El acceso a la vivienda para los jóvenes ya no es una dificultad coyuntural, sino una barrera prácticamente infranqueable. Y lo más preocupante no es solo la magnitud del problema, sino la incapacidad —o falta de voluntad real— para abordarlo con eficacia.
El principal error del Ejecutivo ha sido ignorar de forma sistemática la raíz del problema: la escasez de vivienda. España arrastra un déficit estructural que empuja los precios al alza porque la oferta disponible no cubre la creación de nuevos hogares. Pese a ello, la respuesta política ha sido insistir en recetas que no atacan ese desequilibrio, sino que lo agravan.
Lejos de impulsar la construcción y desbloquear el mercado, el Gobierno ha centrado su acción en políticas de demanda: ayudas directas, avales, subvenciones o bonos al alquiler. Medidas vistosas desde el punto de vista político, pero que en la práctica han demostrado ser ineficaces. Al inyectar dinero en un mercado con oferta limitada, el efecto inmediato es inflacionario: más presión sobre los precios y mayor dificultad de acceso. Es decir, el Ejecutivo ha contribuido a encarecer aún más aquello que pretendía abaratar.
A este error de base se suma una gestión errática y fragmentada. En lugar de un plan integral, el Gobierno ha optado por un mosaico de iniciativas inconexas que no alteran las dinámicas del mercado. Incluso expertos cercanos al ámbito institucional han señalado la ausencia de una estrategia coherente y la proliferación de medidas dispersas sin impacto real. En política económica, la improvisación suele pagarse cara; en vivienda, la factura recae directamente sobre los ciudadanos.
El intervencionismo mal diseñado ha sido otro de los grandes lastres. La regulación de precios en zonas tensionadas, lejos de proteger al inquilino, ha terminado reduciendo la oferta. Muchos propietarios han retirado viviendas del mercado ante la inseguridad regulatoria, provocando el efecto contrario al deseado: menos pisos disponibles y precios aún más elevados. Es un ejemplo clásico de cómo una mala regulación puede deteriorar el funcionamiento básico de un mercado.
Pero la consecuencia más grave de esta política fallida la sufren los jóvenes. Hoy, emanciparse en España es poco menos que un lujo. El alquiler puede absorber casi la totalidad del salario en solitario, lo que convierte la independencia en una quimera. La tasa de emancipación se desploma, la edad media supera los 30 años y la alternativa mayoritaria pasa por compartir piso o seguir viviendo con los padres.
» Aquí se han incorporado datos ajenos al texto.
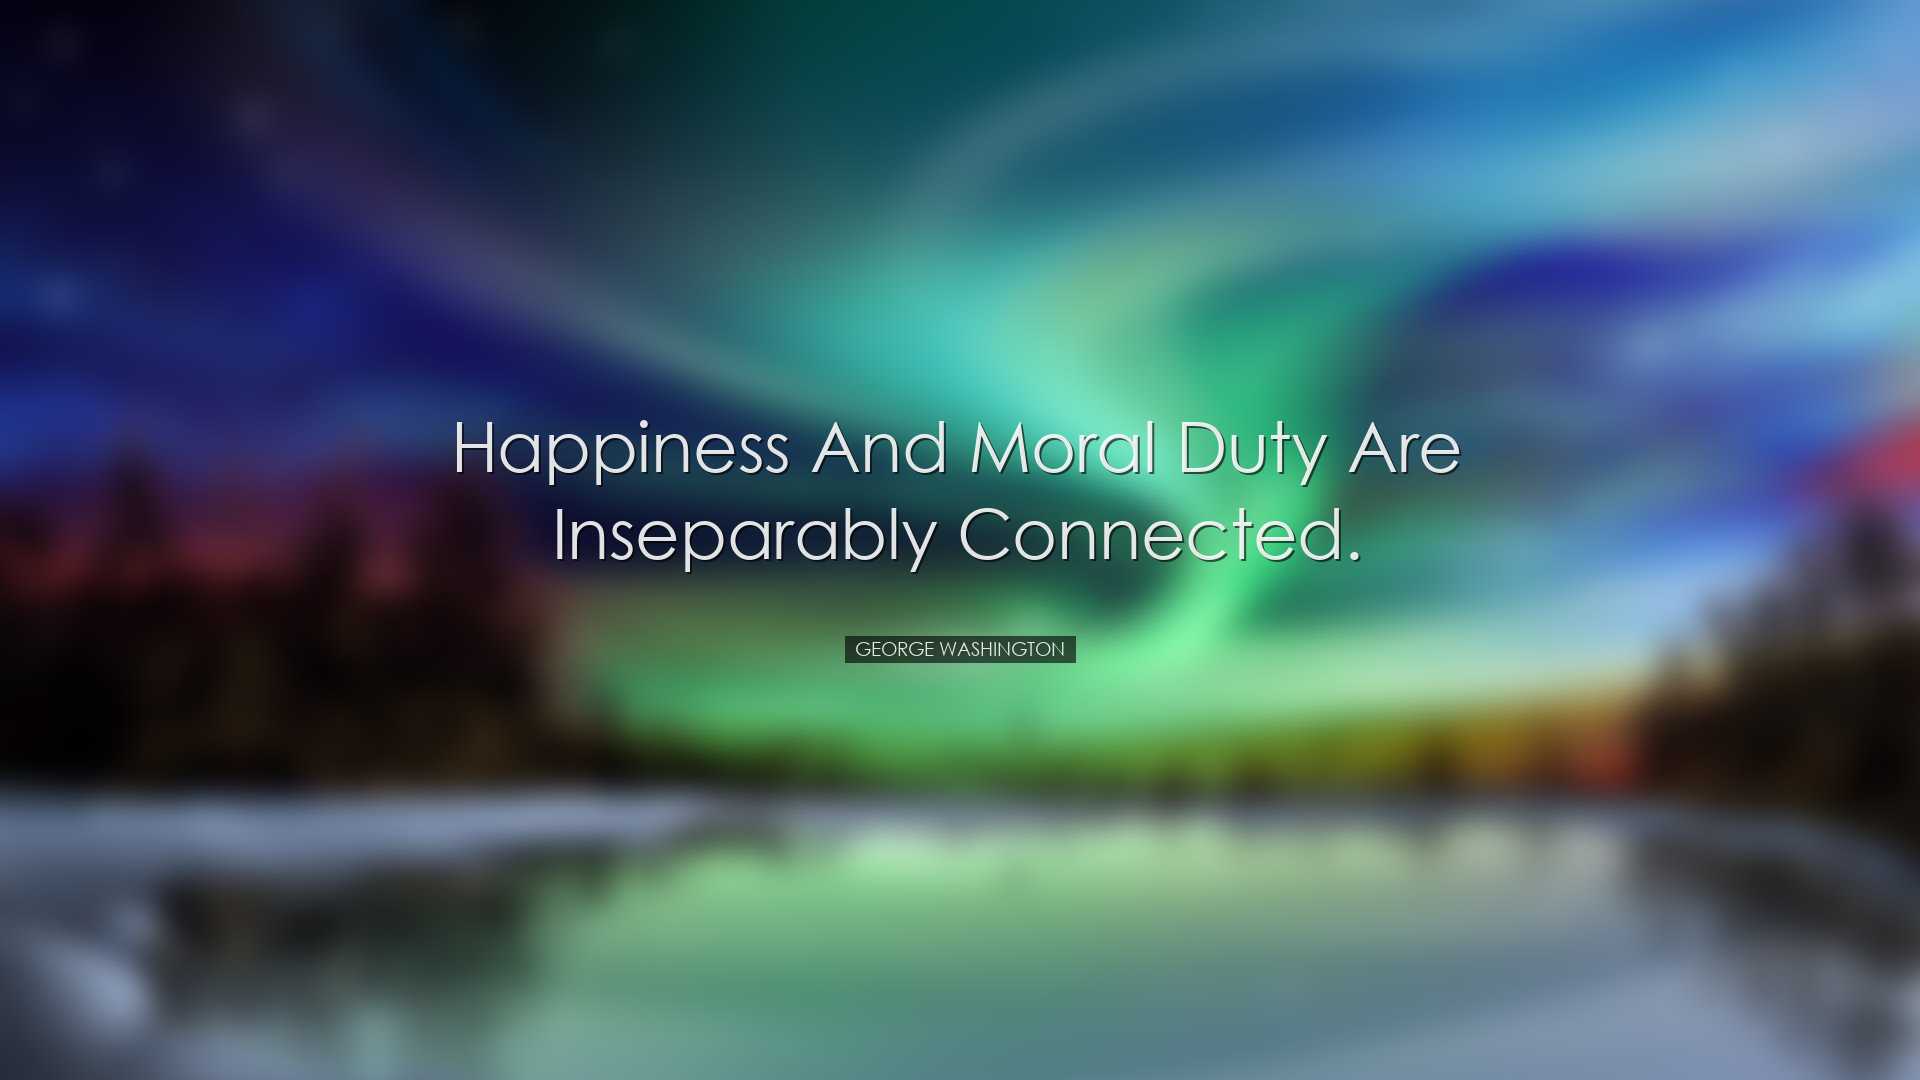 Happiness and moral duty are inseparably connected. - George Washi

El impacto va mucho más allá de lo residencial. La imposibilidad de acceder a la vivienda impide ahorrar, retrasa la formación de familias y limita la movilidad laboral. Incluso comienza a alimentar un fenómeno especialmente preocupante: la fuga de talento joven hacia países con mejores condiciones económicas y de acceso a la vivienda. Es decir, el problema no solo afecta al presente, sino que compromete el futuro del país.
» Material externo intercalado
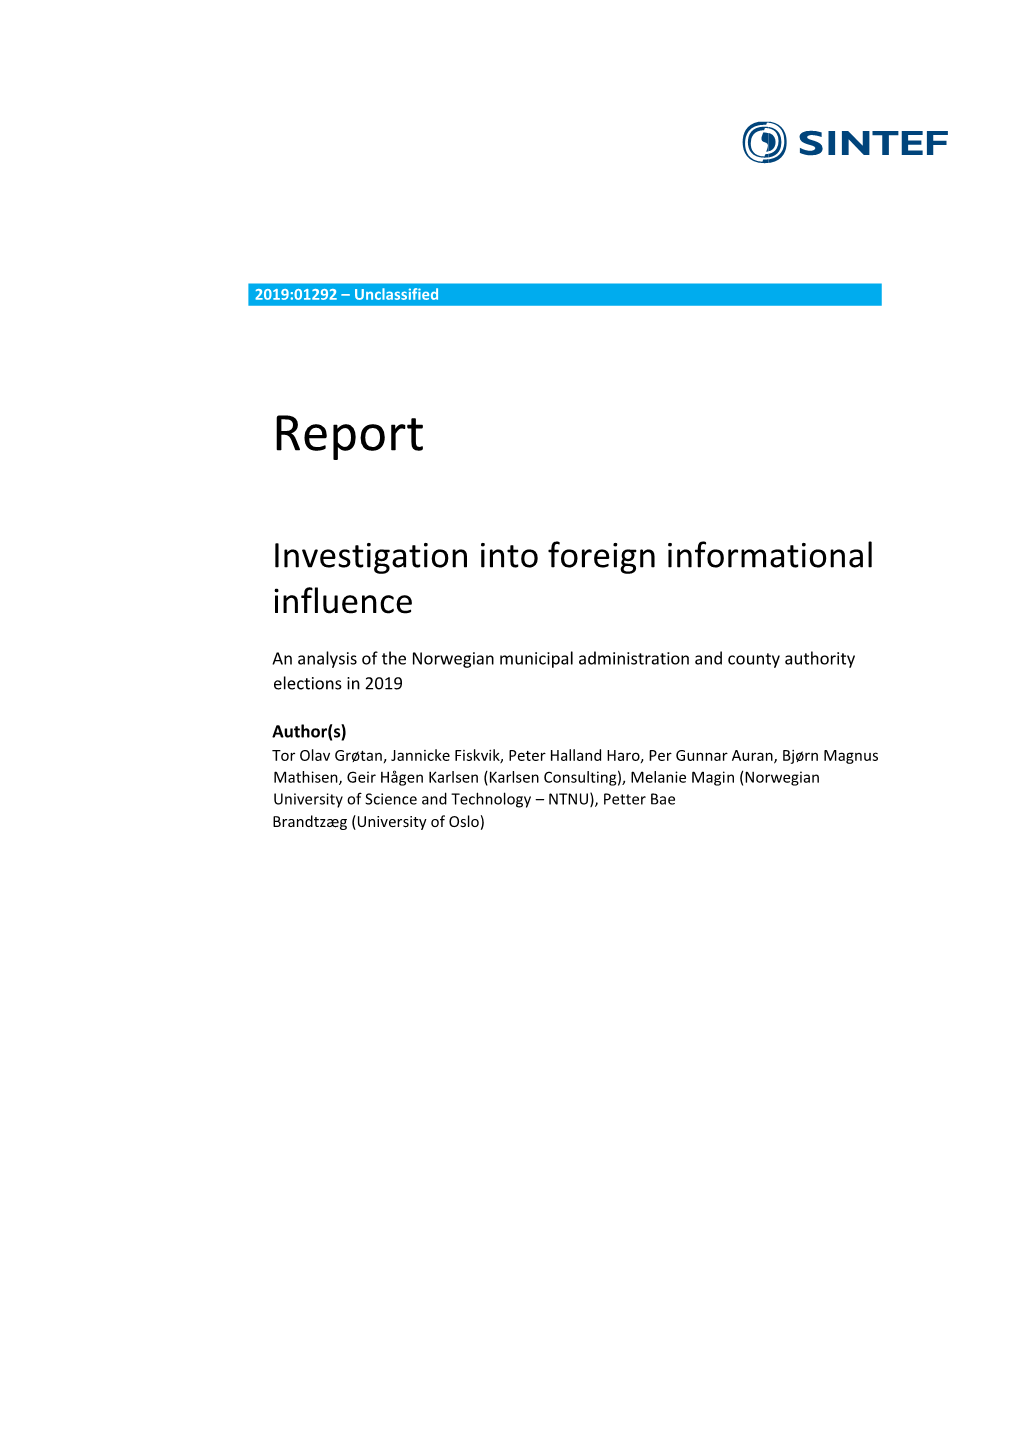 Report: Investigation Into Foreign Informational Influence

En este contexto, el balance es difícil de matizar: el Gobierno ha diagnosticado correctamente el problema, pero ha elegido sistemáticamente las soluciones equivocadas. Ha priorizado el impacto político inmediato frente a la eficacia económica de largo plazo, apostando por medidas populares pero insuficientes.
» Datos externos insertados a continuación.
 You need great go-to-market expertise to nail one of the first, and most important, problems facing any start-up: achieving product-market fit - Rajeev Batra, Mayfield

La realidad es contundente. Más gasto, más regulación y más anuncios no han logrado abaratar la vivienda ni facilitar su acceso. Al contrario: el mercado está más tensionado, la oferta más restringida y los jóvenes más lejos que nunca de poder construir un proyecto de vida autónomo.
Sin un giro profundo —centrado en aumentar la oferta, reducir trabas urbanísticas, garantizar seguridad jurídica y fomentar la colaboración público-privada—, la política de vivienda seguirá siendo un catálogo de buenas intenciones con malos resultados. Y mientras tanto, una generación entera seguirá quedándose fuera del mercado.